Panthers’ emphasis was to add speed at wide receiver
Panthers show off speed at camp
By Steve Reed
AP Sports Writer
SPARTANBURG, S.C. (AP) — Captain Munnerlyn took one glance at the Carolina Panthers wide receivers’ 40-yard times and couldn’t believe what he saw.
The veteran cornerback has never seen such a compilation of speed amassed at one position on a roster in any of his 10 NFL training camps.
“Oh man, we got some fast receivers,” Munnerlyn said. “I was like, ‘Wow, almost everyone runs a 4.4 or lower. That’s crazy.’ We have some speed on this team — and we probably needed it.”
That’s an understatement.
The Panthers offense stagnated last season as quarterback Cam Newton found himself with no deep threats after Ted Ginn Jr. left to sign with the New Orleans Saints as a free agent and youngsters Curtis Samuel and Damierre Byrd went down with injuries.
The trickledown effect of not having anyone to stretch the field, combined with three-time 1,000 yard receiving tight end Greg Olsen missing most of the season with a foot injury made Newton’s job last season extremely difficult. It also played havoc with the team’s running game as opposing defenses were able to walk an extra defender into the box. Carolina still finished 11-5 and earned a wild card despite finishing 19th in offense but lacked the firepower to make a run in the NFC playoffs.
General manager Marty Hurney wasn’t about to let that happen again.
The Panthers upgraded their speed at wide receiver by trading for Torrey Smith, signing free agent Jarius Wright and selecting the elusive D.J. Moore from Maryland in the first round of the NFL draft.
Smith has averaged 16.4 yards per catch during his seven NFL seasons with the Ravens, 49ers and, most recently, the Super Bowl champion Eagles. Wright joins the Panthers after six seasons with the Vikings, where he worked under new Panthers offensive coordinator Norv Turner and averaged 13.3 yards per catch.
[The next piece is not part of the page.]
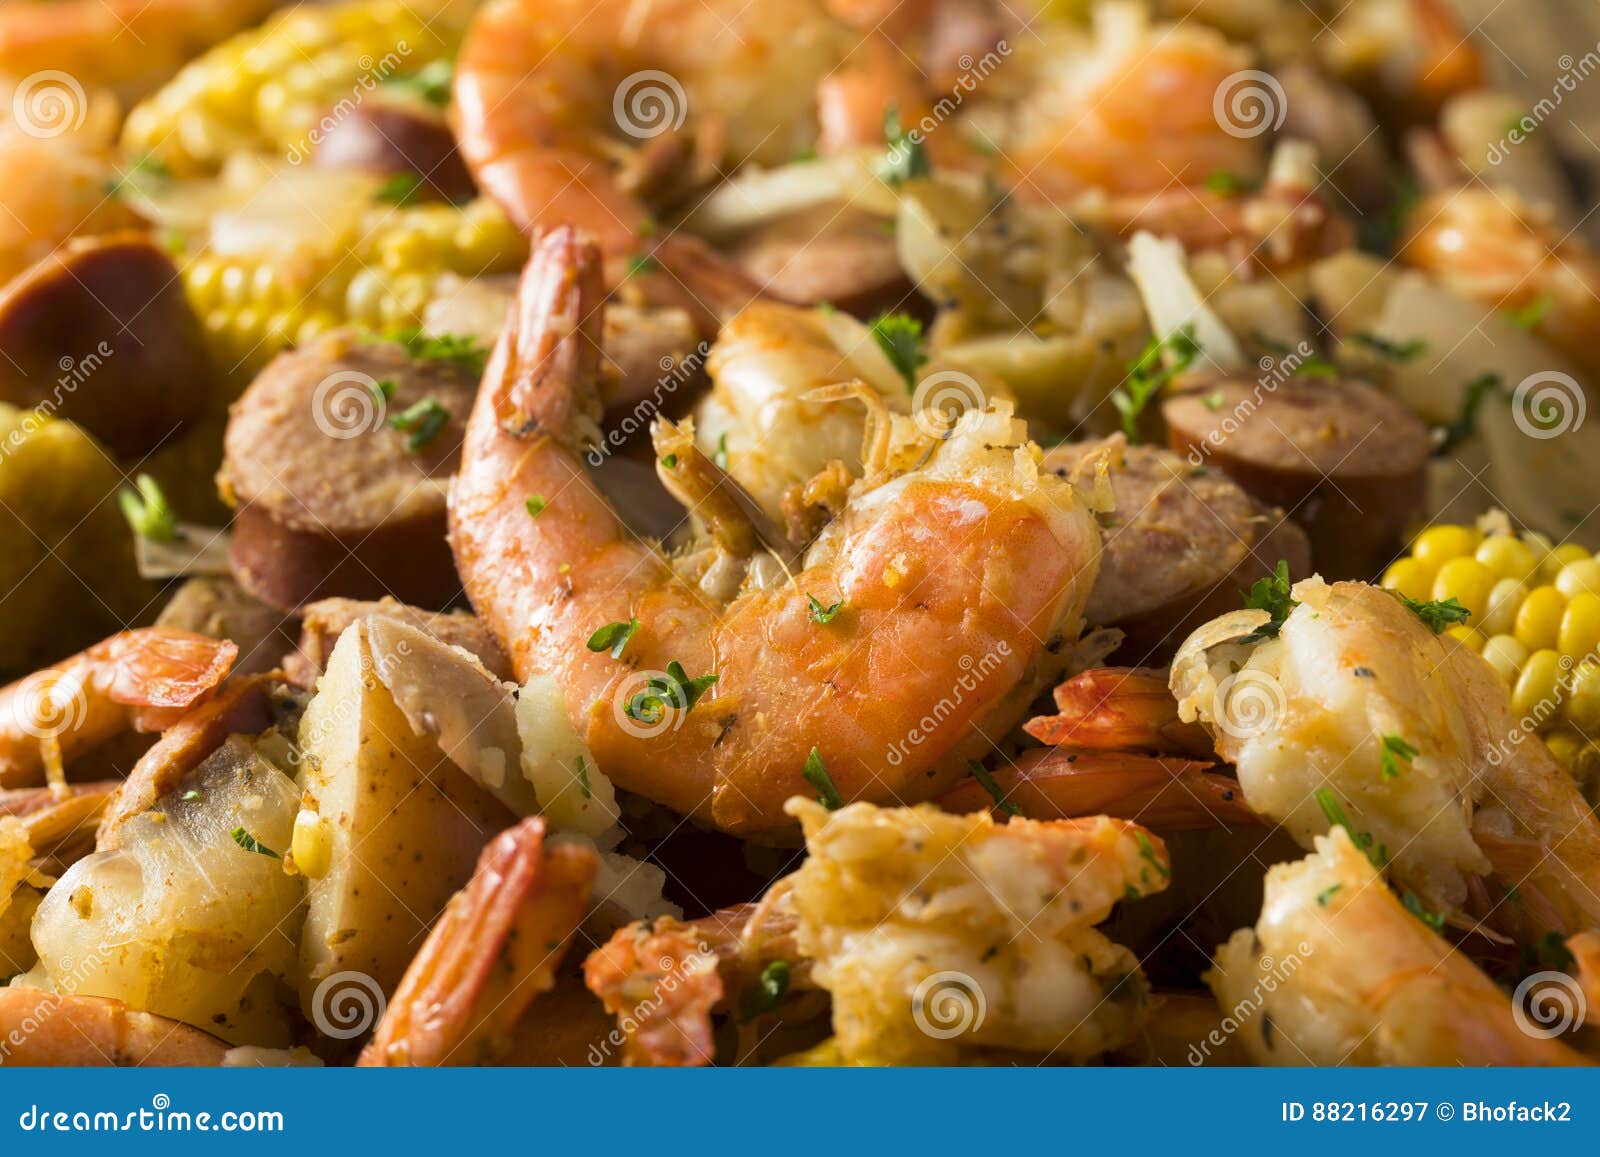 homemade traditional cajun shrimp boil

Moore caught 80 passes last season at Maryland and earned a reputation as a receiver who makes defenders miss and piles up yards after the catch.
With Samuel and Byrd coming back from injuries, Newton should have no shortage of options when it comes to stretching the field.
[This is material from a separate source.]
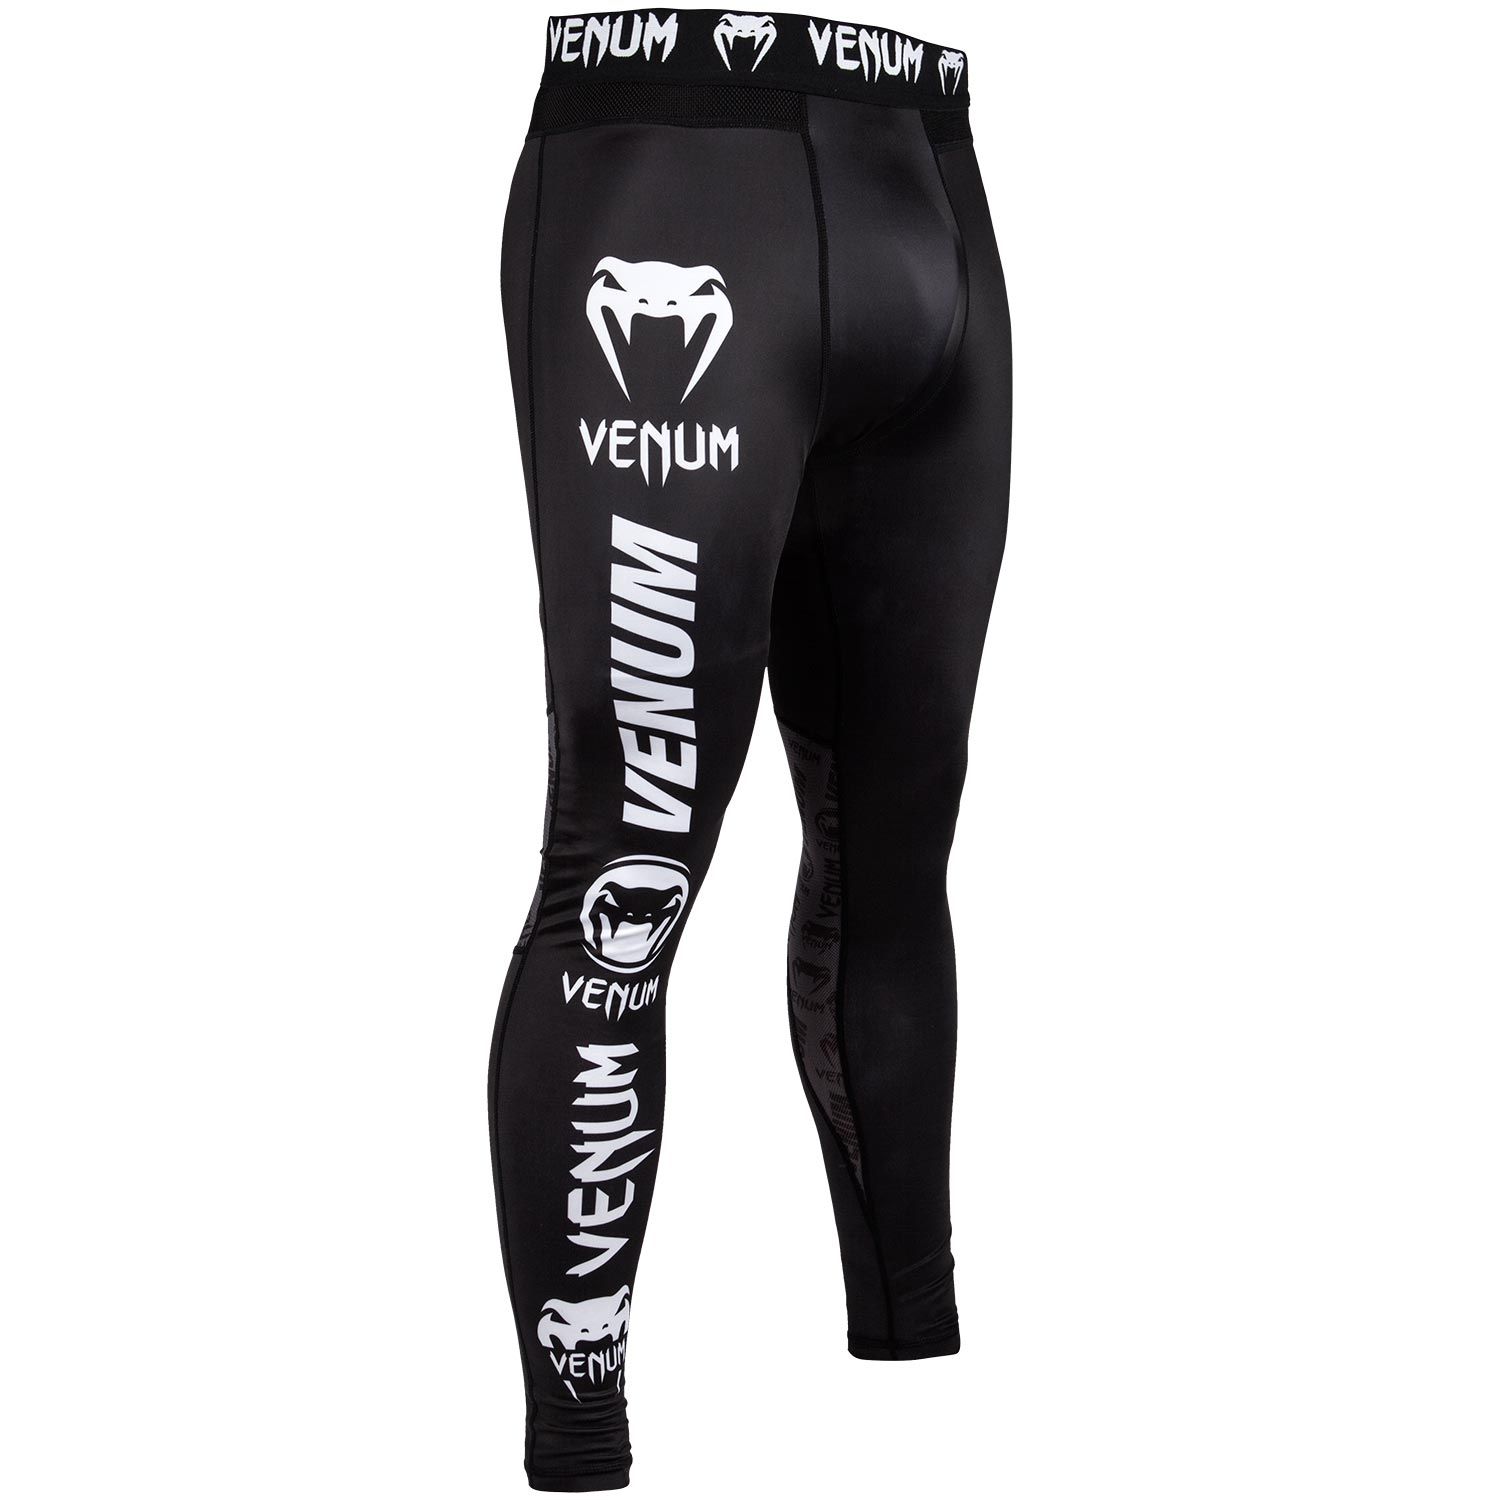 Pantaloni a compressione Venum Logos - Neri/Bianchi

“I think we would probably have the fastest track team in the NFL for sure,” Wright said. “We got a 1A and a 1B team. That’s how fast our receiving corps is.”
Coach Ron Rivera is quietly optimistic.
He said the Panthers “have some speed that we haven’t had in a while” at the wide receiver and defensive back positions.
“I think that is a good thing for us,” Rivera said. “We can be a fast team.”
All of that is good news for Newton, who was limited to 22 touchdown passes and 16 interceptions in 2017 — two years after throwing 35 TD passes and 10 interceptions while earning league MVP honors and leading the Panthers to the Super Bowl.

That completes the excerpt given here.